NERA was engaged by the Carbon Utilization Research Council (CURC) and ClearPath Foundation to evaluate the potential deployment of carbon capture within the US power sector for use with EOR. NERA examined how reducing the cost of carbon capture via a research, development, and deployment (RD&D) program can enable new coal and natural gas power projects for use with EOR using its NewERA electricity sector model, a linear programming dispatch and long-term capacity planning model for the US electricity sector. A total of eight scenarios were developed structured around different assumptions regarding economic growth, fuel prices, and RD&D levels relating to carbon capture technology. For each of these scenarios, the study projected electric sector capacity and generation by technology, cumulative CO2 delivered to various EOR basins, and state-level delivered electricity rates.
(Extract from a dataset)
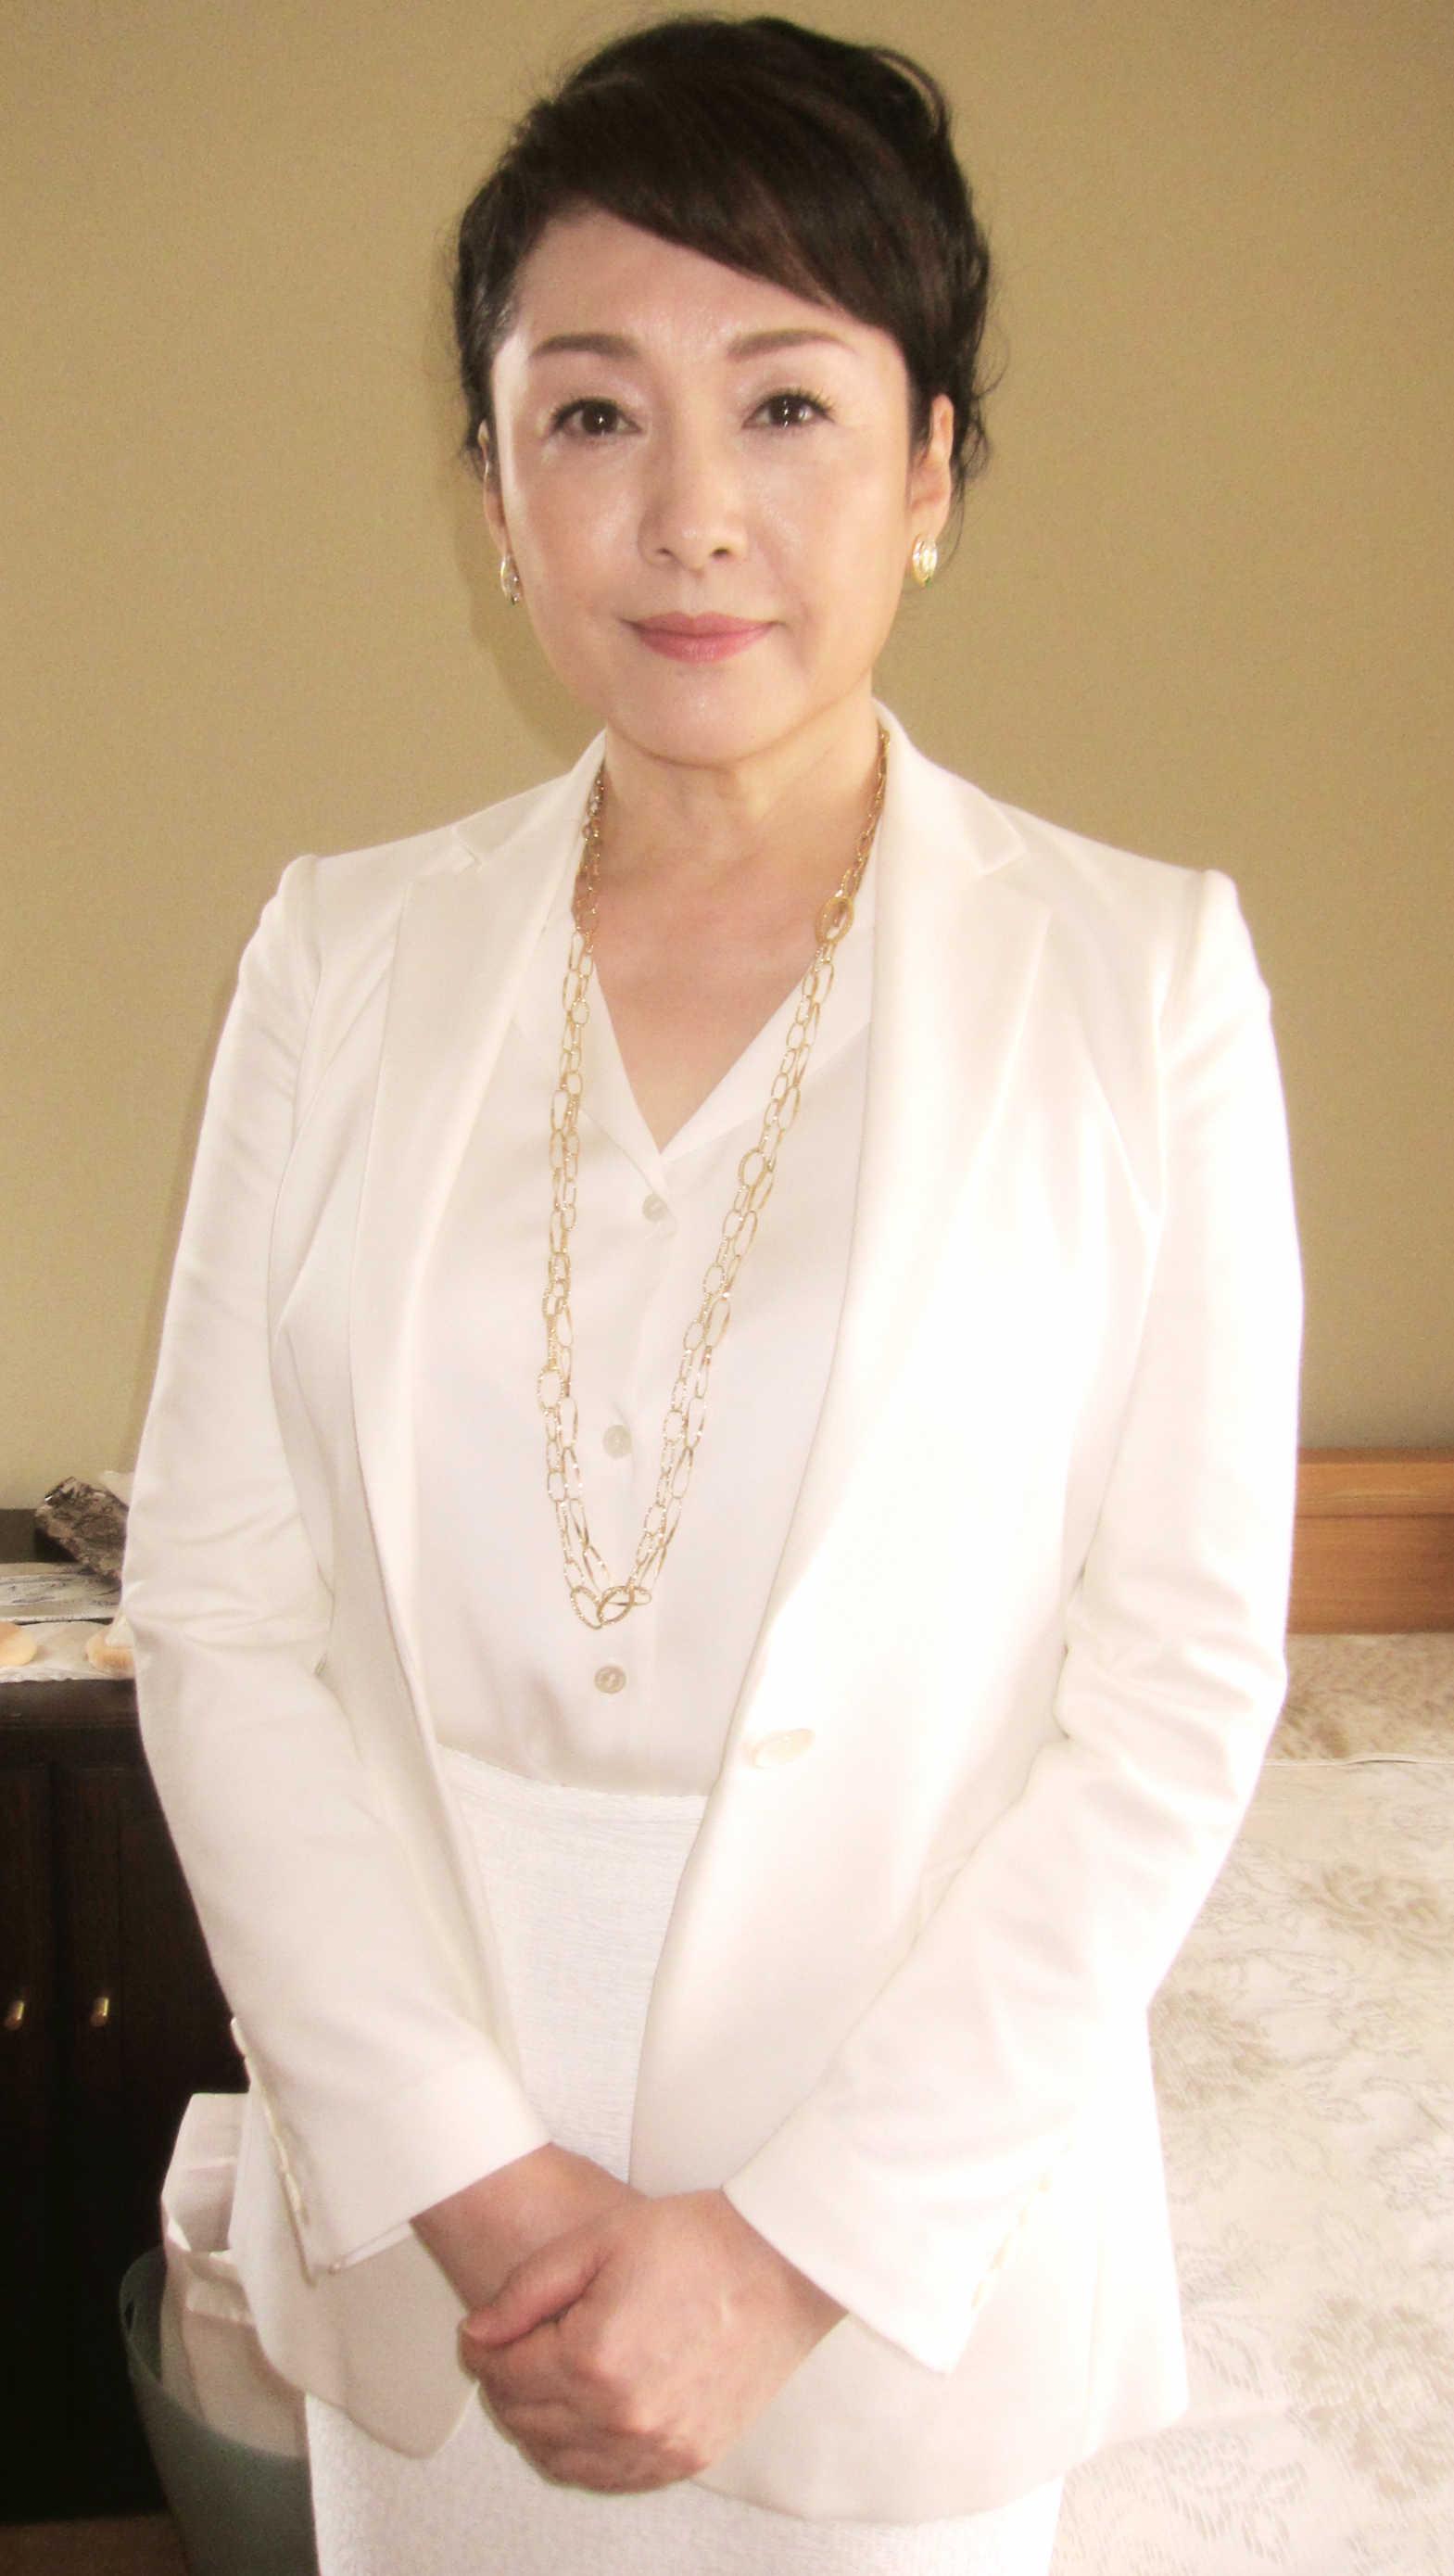 美しき松坂慶子姫と撮影♪_d0339889_11554535.jpg

NERA added functionality to the model to better evaluate potential CCS deployment, while also representing EOR basin limits. These included:

  • Multiple vintages of coal, combined cycle, coal with CCS, and combined cycle with CCS, with declining costs and heat rates over time.
  • An adder on the costs of capital for new coal and combined cycle builds without CCS to simulate the risk of a new, uncontrolled unit becoming subject to carbon emission regulation during its useful life.
  • “Post-combustion” carbon capture retrofits as an option to existing coal-fired generators in the model, with the cost and performance characteristics of the retrofit provided by CURC and ClearPath.
  • A credit derived from CO2 sales for EOR that was developed based on the crude oil price in the various scenarios and varying over time, and the inclusion of the section “45Q tax credit” for carbon capture projects in select years.
  • Updated transport costs from states to EOR basins and annual, cumulative limits on CO2 demand by EOR basin.

The two variables that dominate the deployment of carbon capture across the various scenarios analyzed are fuel prices and the existence of an aggressive RD&D program. For the scenarios analyzed with higher crude oil and natural gas fuel prices, coal was found to dominate carbon capture deployment throughout the study period, while for the scenarios with lower or base energy prices, natural gas dominates carbon capture deployment. Further, it was noted that projected carbon capture deployment was approximately two to three times as large for a given simulation year after 2030 under an aggressive RD&D program compared to the same year for scenarios with a less aggressive RD&D program. The resulting retail electricity prices were also lower for the scenarios with lower fuel and crude oil prices.